I am too much of a personal person - yeah that makes no sense, I’m aware of that… I think a lot. I think too much. Thinking about everything about twenty times before actually doing it. This often leads to not actually doing, or saying, whatever it is. Of course I do occasionally say, and do, some pretty stupid stuff; that’s certainly no good either. I also generally regret it later. Everyone does stupid things.
In the last 2 weeks there have just been too many times when this has happened (not the saying stupid stuff) and it’s certainly not something that normally happens as often.
Hopefully this isn’t just a total bunch of crap that will make absolutely no sense to anyone… Yet at the same time, I don’t want it to make to much sense (yes I’m trying to be as subtle as possible), it just feels good to get it out.

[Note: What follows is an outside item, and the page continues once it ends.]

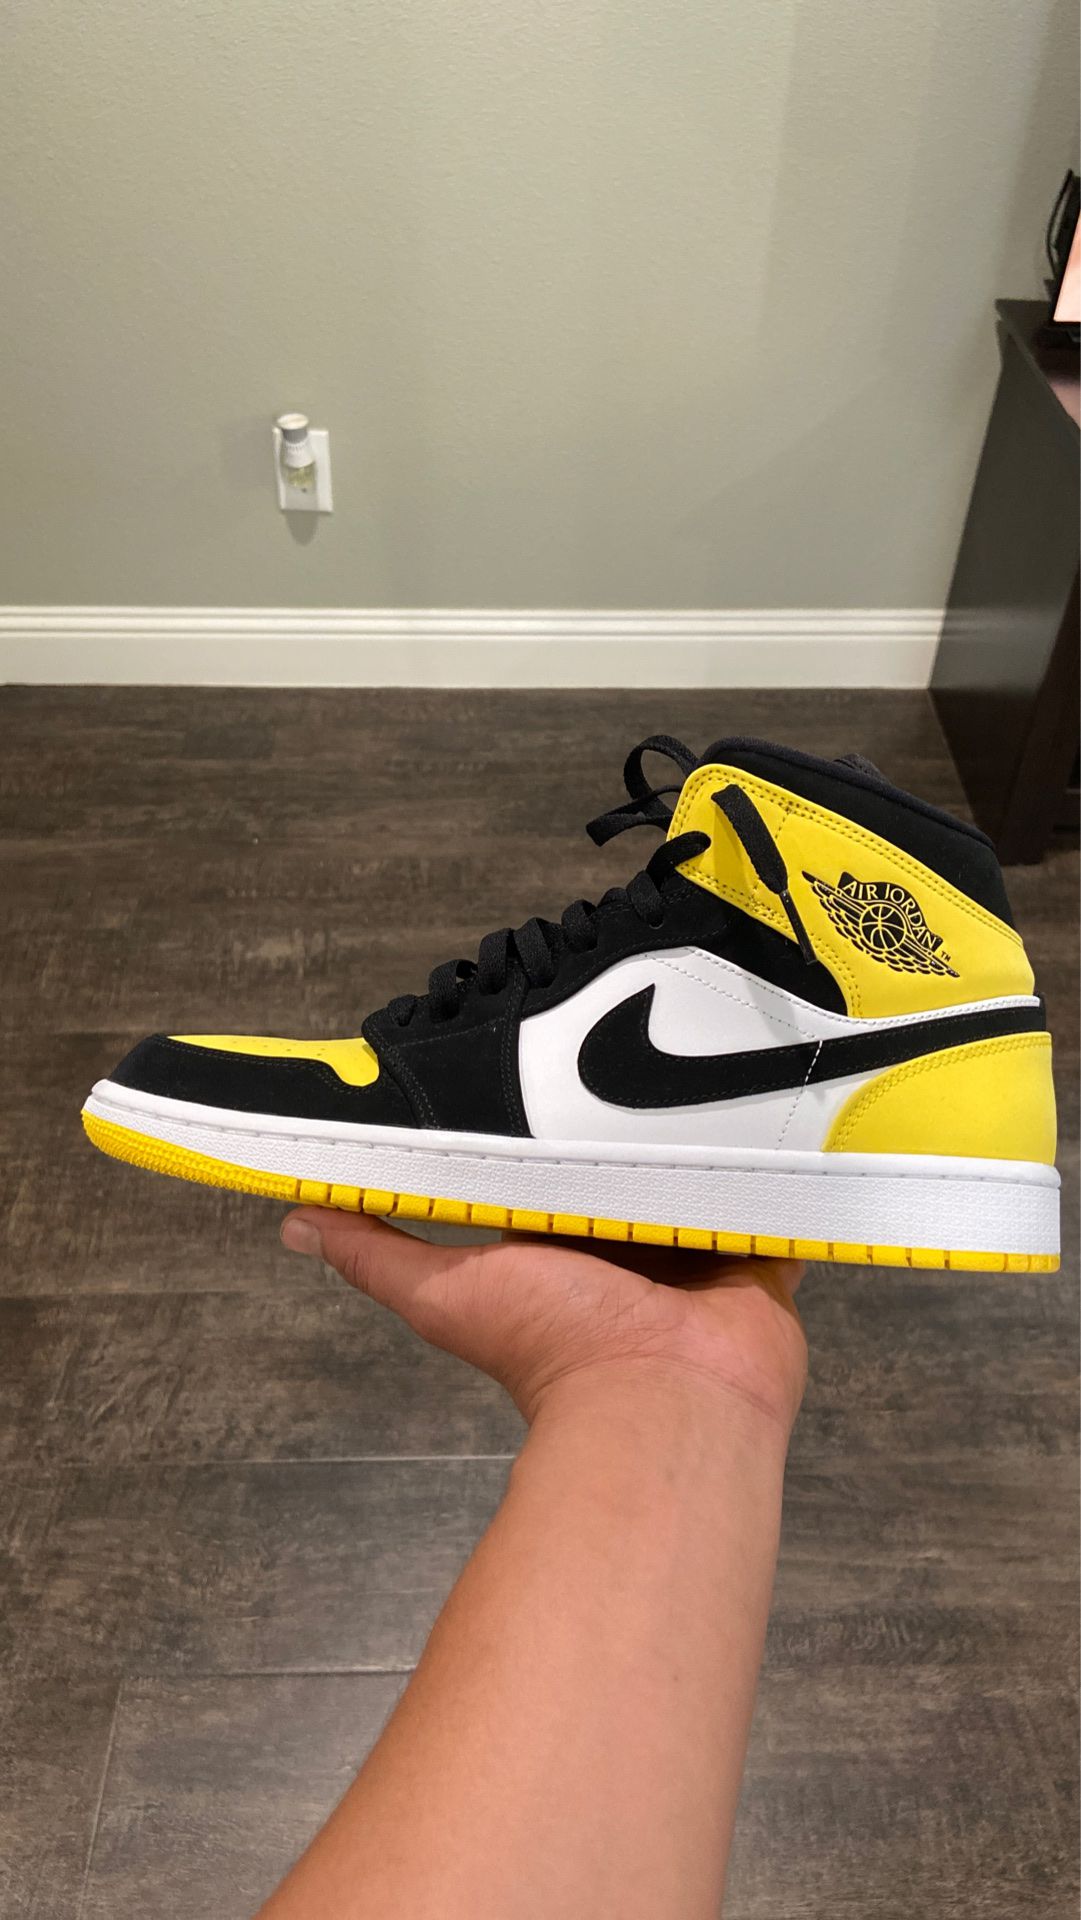 (Used) Jordan 1 Mid Yellow Toe Black $155 “size 10”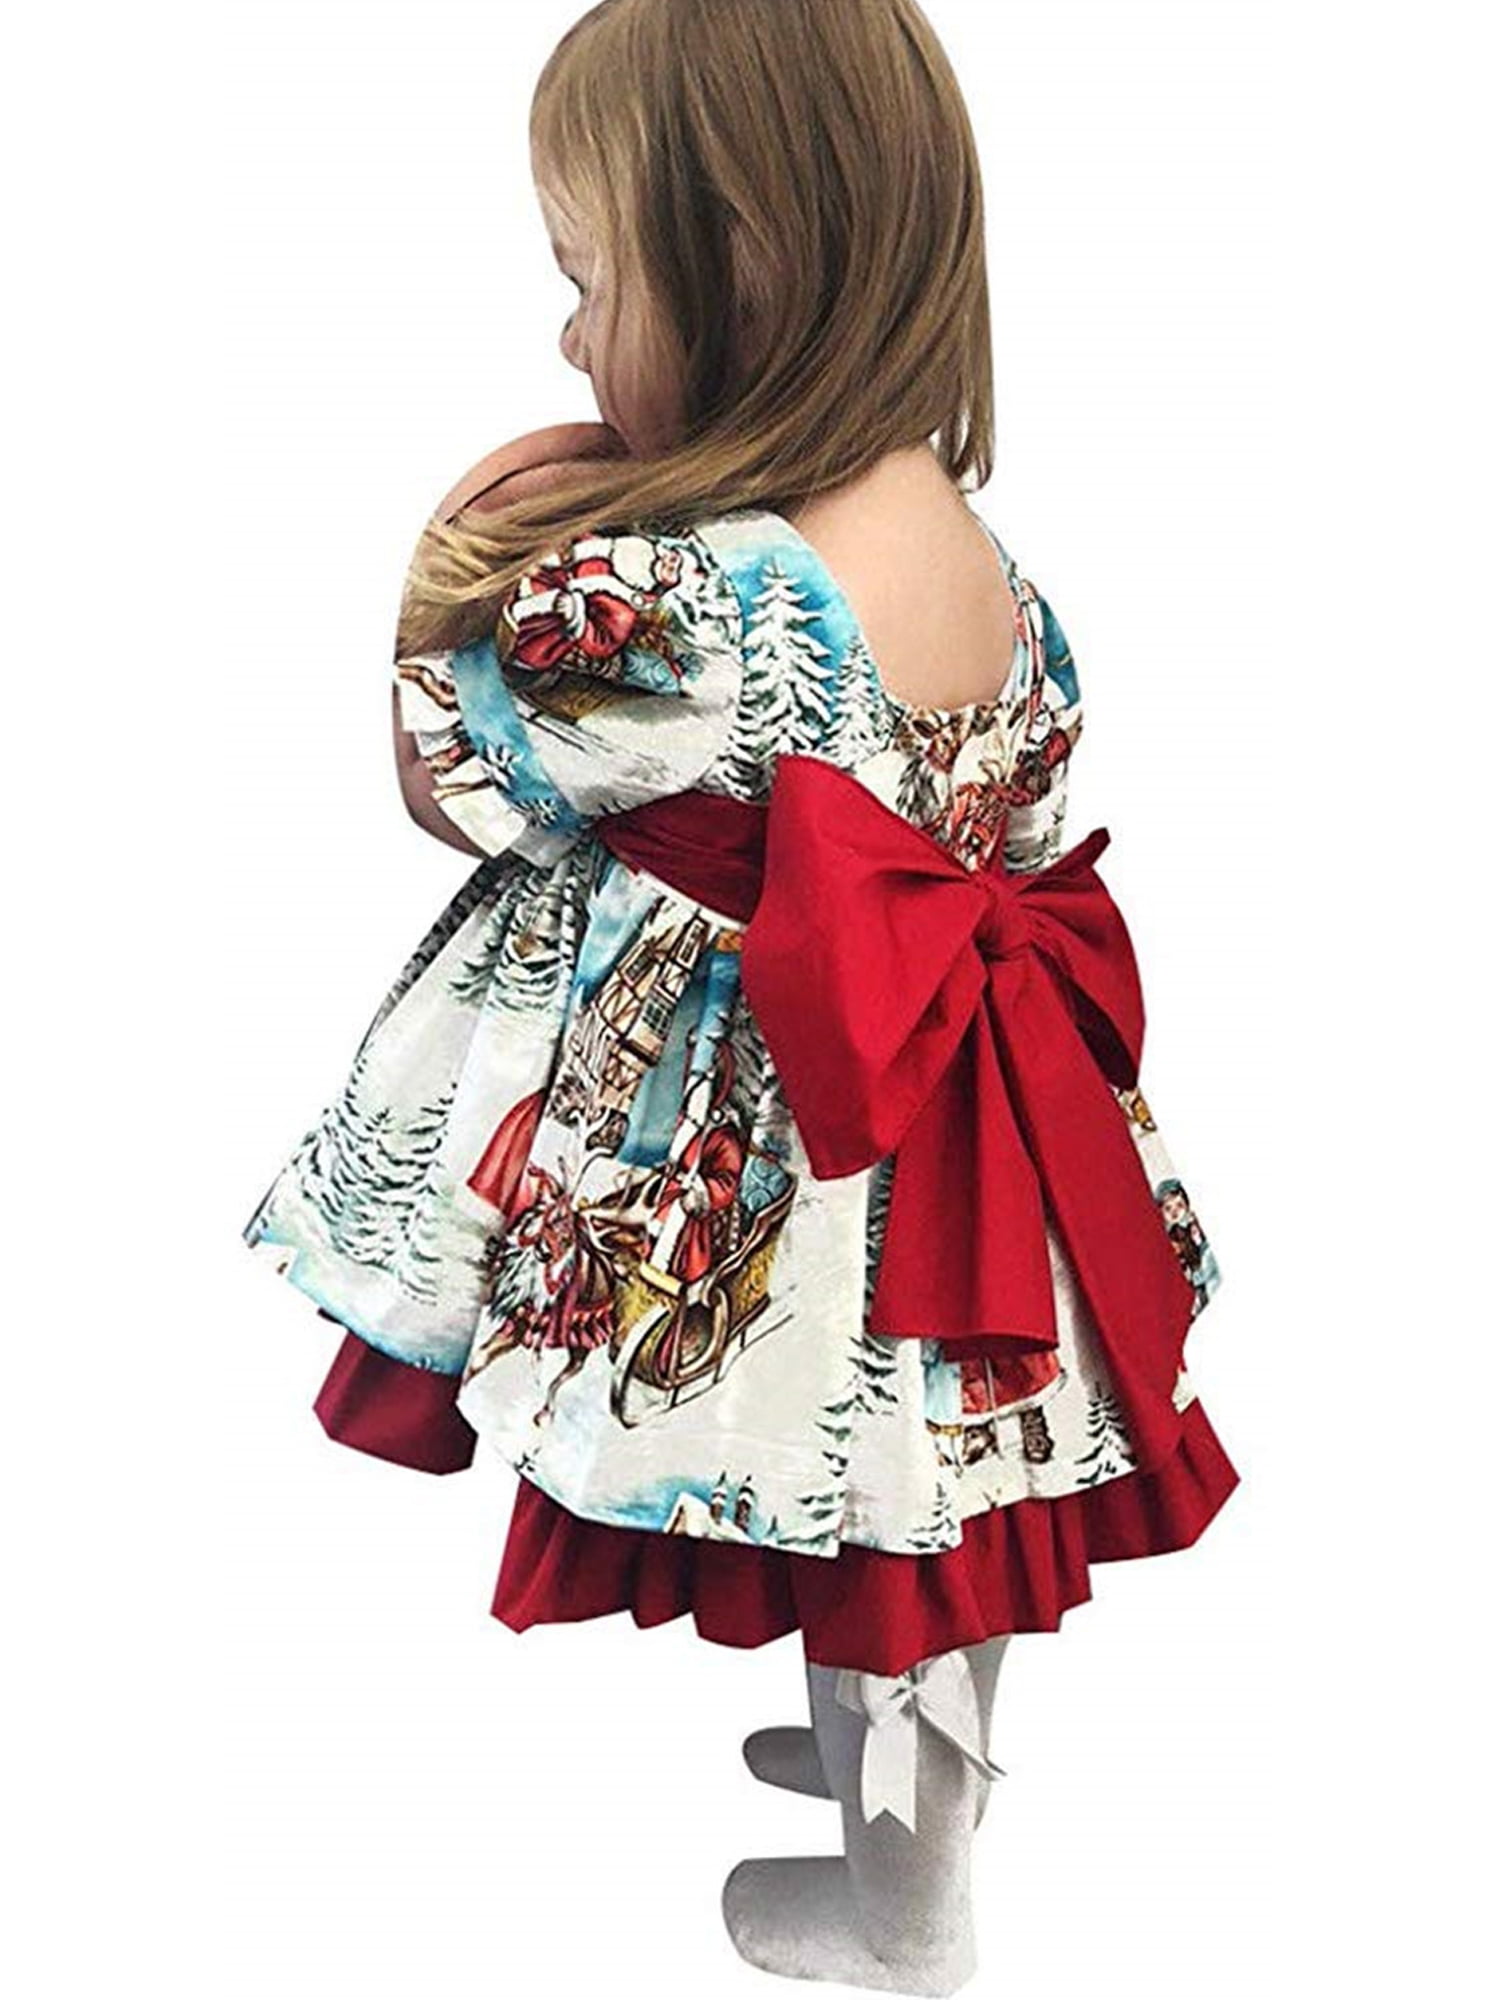 Christmas Newbron Baby Girls Santa Tutu Dress Xmas Party Princess Dresses Outfit

So I almost feel that the time may have passed. I may have lost out. All the opportunities to say a few words in the last couple of weeks. It only really occurred to me recently that I feel this way. If I can’t do it now, will I ever be able to do it?
It just takes confidence - some balls, and confidence. To know what comes next. Does anything ‘come next’? Will anything ever come next? Putting yourself out there and making a move its tough. But heck, today I wore one red shoe and one green shoe - I can do anything!